In other words, combine a lot of vague, highly conjunctive, and non-evidence-backed speculations into a model of the universe that suits you best.
LessWrong stands for rationality. Which is fine. It stands for consequentialism. Also fine. The problem is that they pervert these fine ideas and instead promote an extreme and naive overcompensatation against what they deem irrational. This leads them to completely disregard common sense in favor of approximations of theoretically correct concepts that break human brains. The results are flawed ideas such as Roko’s basilisk, or talks such as the one given by Jaan Tallinn.
It’s troublesome how ambiguous the signals are that LessWrong is sending on some issues.
On the one hand LessWrong says that you should shut up and multiply, trust the math even when it feels wrong. On the other hand Yudkowsky writes that he would sooner question his grasp of “rationality” than give five dollars to a Pascal’s Mugger because he thought it was “rational”.
On the one hand LessWrong says that whoever knowingly chooses to save one life, when they could have saved two – to say nothing of a thousand lives, or a world – they have damned themselves as thoroughly as any murderer. On the other hand Yudkowsky writes that ends don’t justify the means for humans.
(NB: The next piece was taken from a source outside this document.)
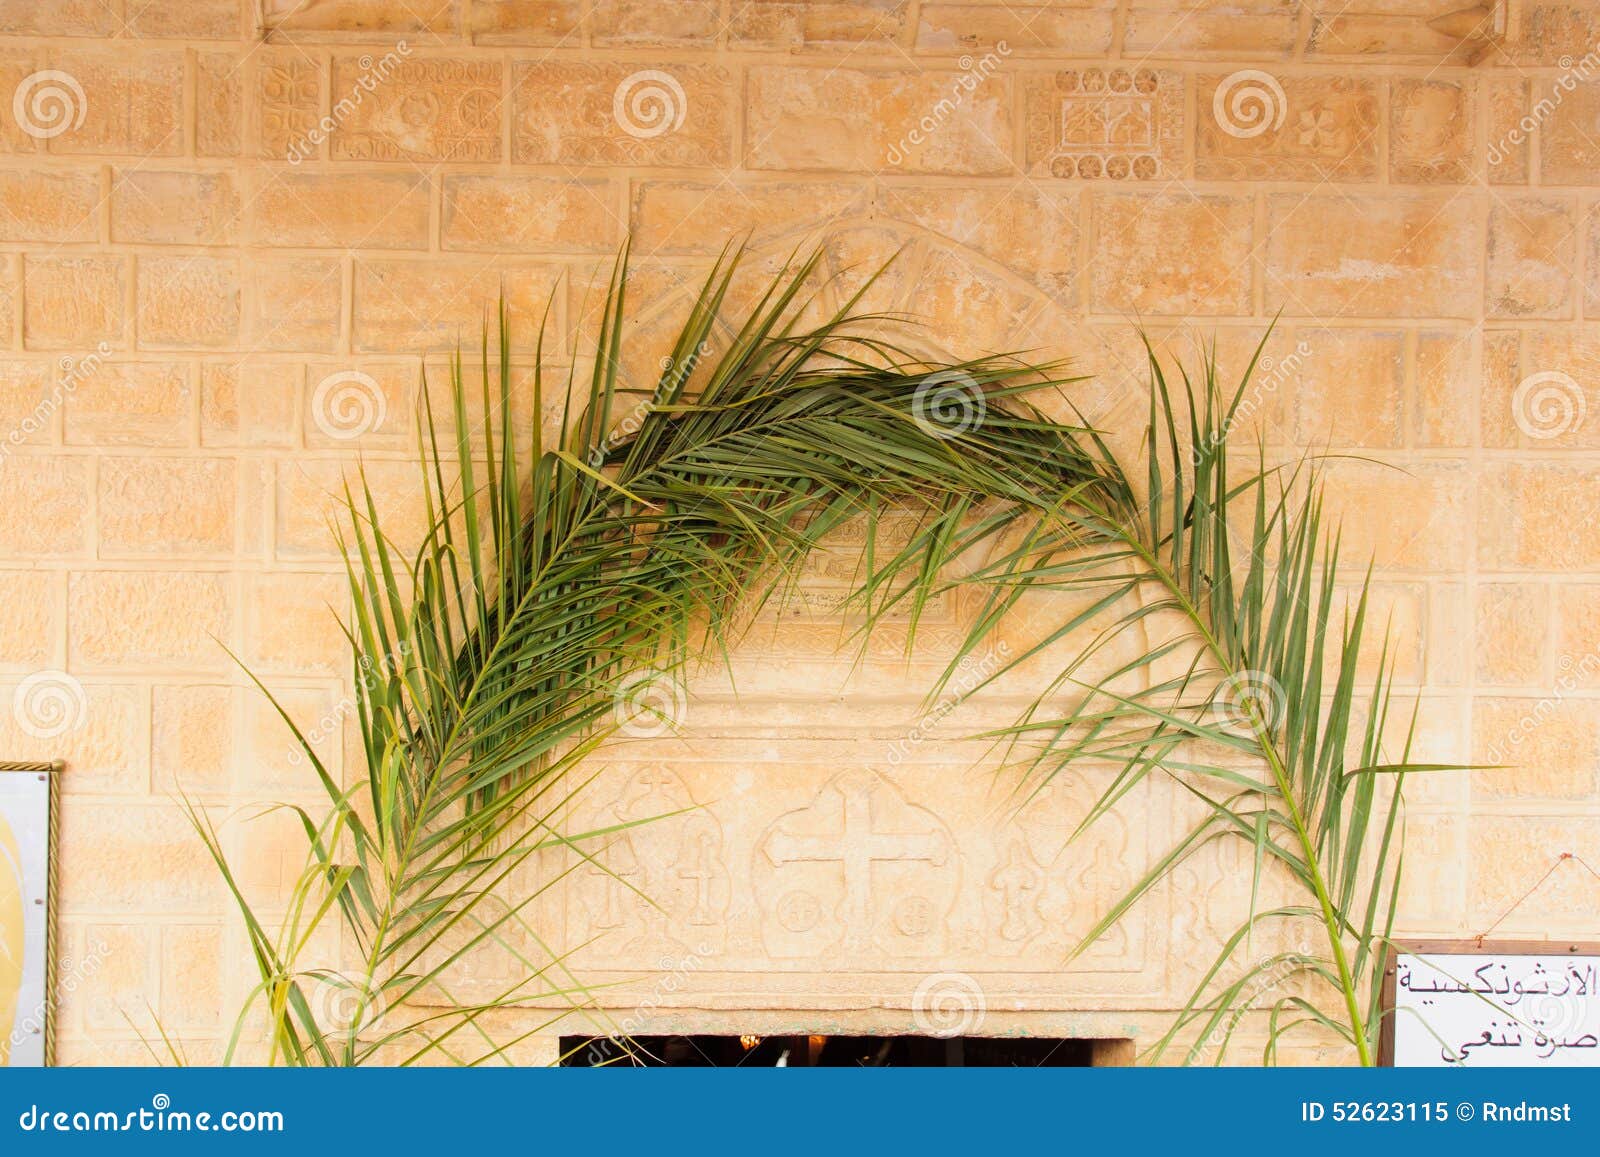 Orthodox Palm Sunday in Nazareth Editorial Image Image of children

On the one hand LessWrong stresses the importance of acknowledging a fundamental problem and saying “Oops”. On the other hand Yudkowsky tries to patch a framework that is obviously broken.
Anyway, I worry that the overall message that LessWrong sends is that of naive consequentialism, and decision making based on back-of-the-envelope calculations, rather than the meta-level consequentialism that contains itself when faced with too much uncertainty, and which focuses on obtaining robust beliefs that are backed by empirical evidence.
Yudkowsky might write that ends don’t justify the means for humans. But he also believes that such deontological prohibitions do not apply to artificial intelligences. And since Yudkowsky believes that he is a complete strategic altruist, and that it is his moral obligation to build a friendly AI, indirectly he still ends up advocating actions in order to achieve goals that he deems to be altruistic. In other words, he himself might not kill one person to save two, but he wants to create an AI that would do so. Which isn’t very reassuring.